Legitimacy Is Also About Clarity
There is an additional aspect seldom discussed. Criminal law must not only be just. It must also be perceived as understandable.
This does not mean courts should judge by opinion polls. But legislators should ponder when a large part of the spontaneous debate is less about guilt than about the concept of the crime.
Many react not because they consider the man’s behavior acceptable, but because the word “rape” for them describes another type of offense than that which actually occurred in this case. Not necessarily involving violence, but still a bit more than an ignored condom.

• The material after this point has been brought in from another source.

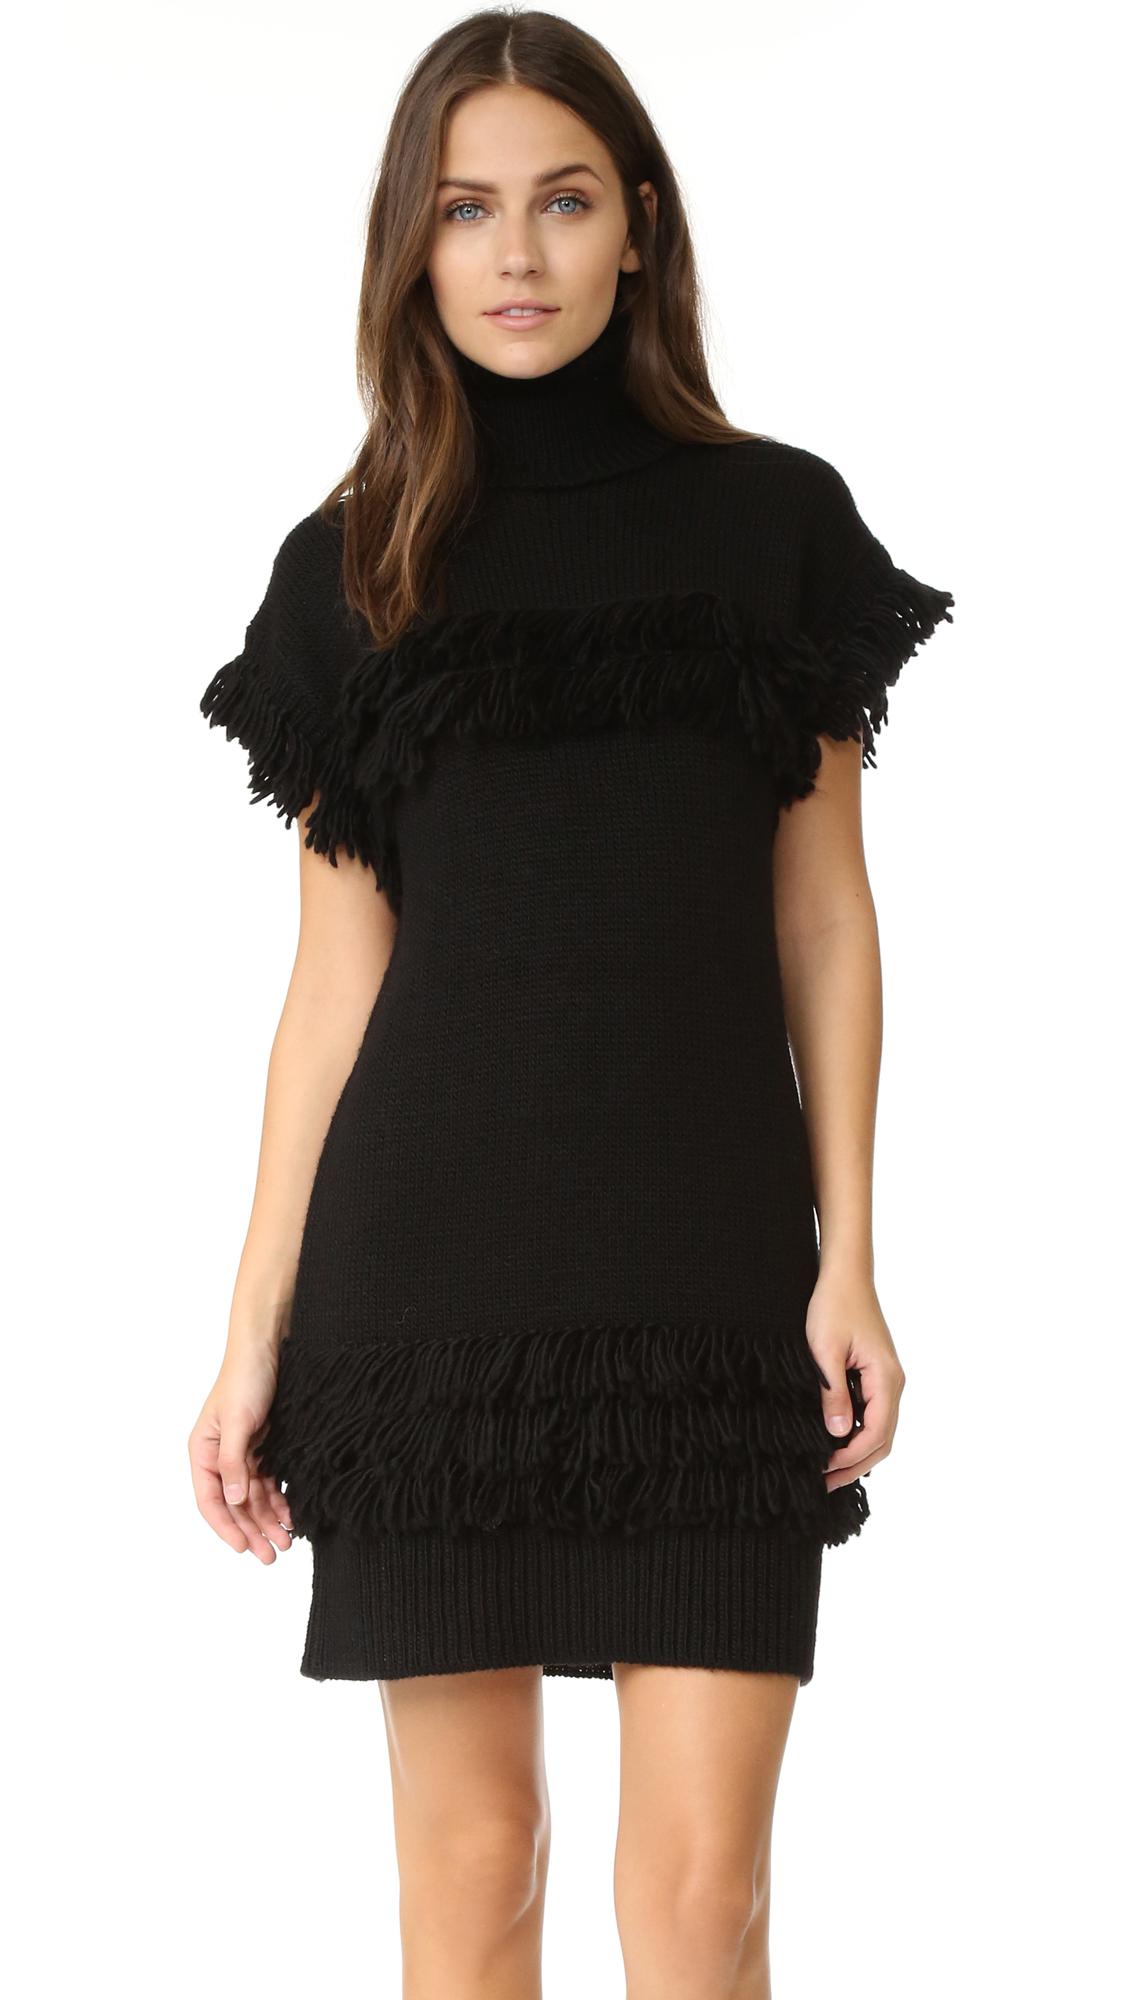 rachel zoe female rachel zoe teegan sweater dress black
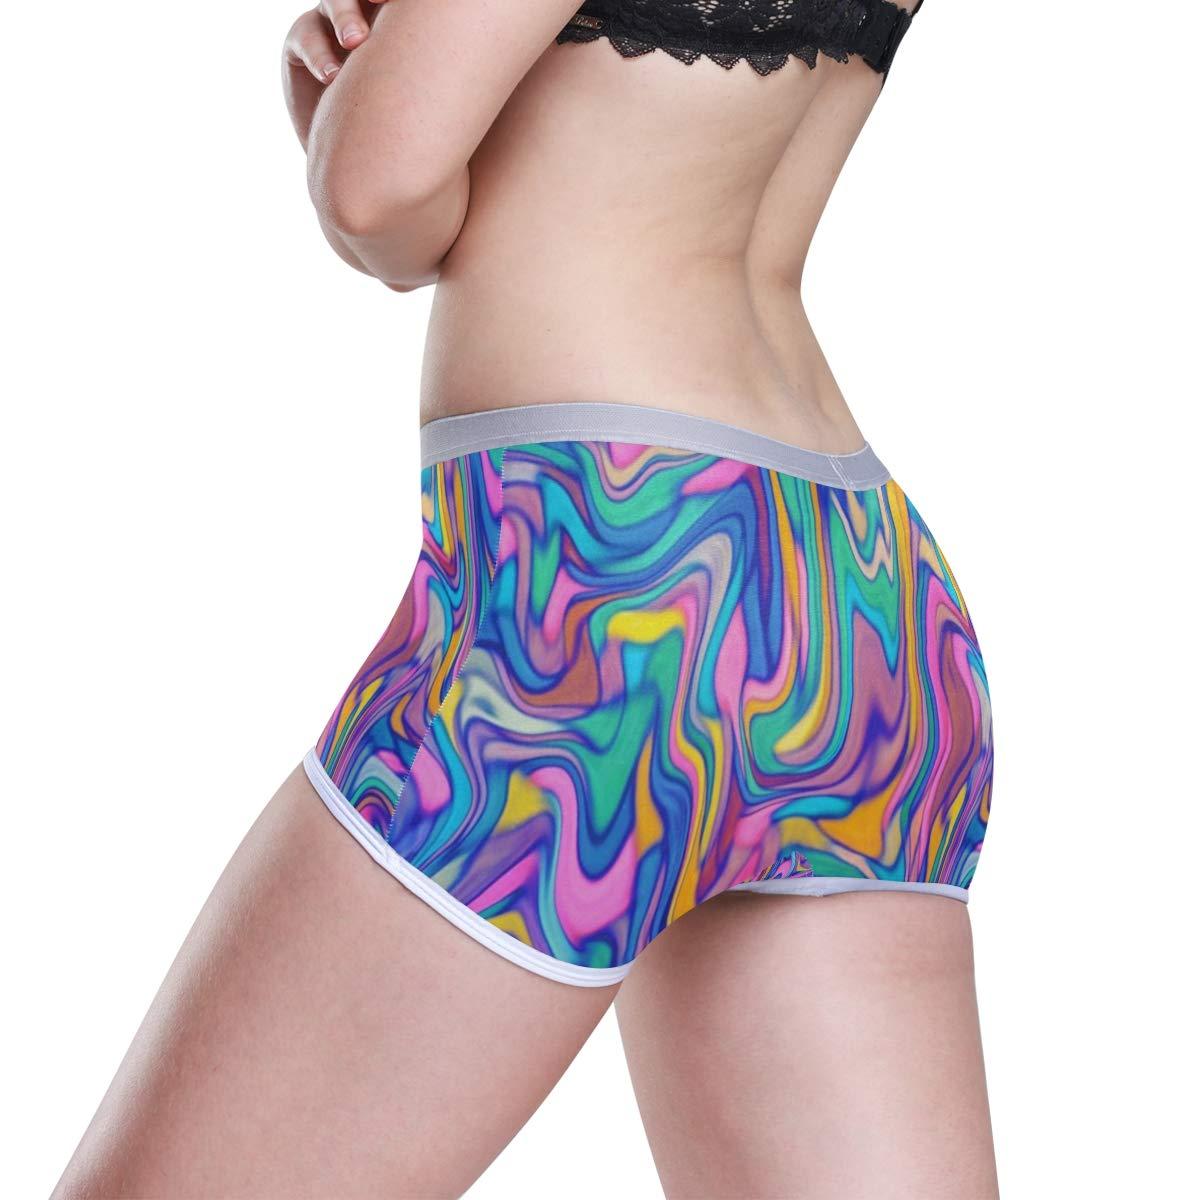 HangWang Colorful Bright Neon Boyshort Panties Womens Breathable Boyshort Hipster Panty Underwear

This reaction may of course be due to the public not realizing how the consent law is structured. But it may also be because the law’s concepts no longer reflect the qualitative differences that people intuitively perceive between various types of sexual violations.
It’s an issue worth taking seriously. For the legitimacy of legislation rests not only on logical consistency. It also rests on whether people feel its categories and concepts correspond with reality in a reasonable way.
The Verdict Raises Questions That Need Answers
The current verdict will likely continue to be discussed. Perhaps the court of appeal will come to the same conclusion. Perhaps not. How the debate develops and what the legislator may have to consider will depend on that.
But regardless of the outcome in higher courts, the district court ruling signals that there is a serious problem with the consent law and the definition of the crime of rape. One could of course attribute this only to the specific panel of judges in the case, but that is contradicted by the judgment being based on previous cases.
In summary, it was in principle good that the focus shifted from violence and coercion to voluntariness as a boundary between legal and illegal sexual encounters. But influential institutions like the Council on Legislation and the Bar Association saw problems with the proposed solution, the consent law.
The objections were brushed aside. But the problems have not disappeared. The current judgment is not the only one that signals this. Samnytt has covered several other cases that provide reason to question the consent law in both its text and application. And what we have done is only scratch the surface.
But it is enough to show that the consent law leaves something essential to be desired in terms of both legal certainty and proportionality. It is high time this is addressed before trust in the law and the justice system is further eroded.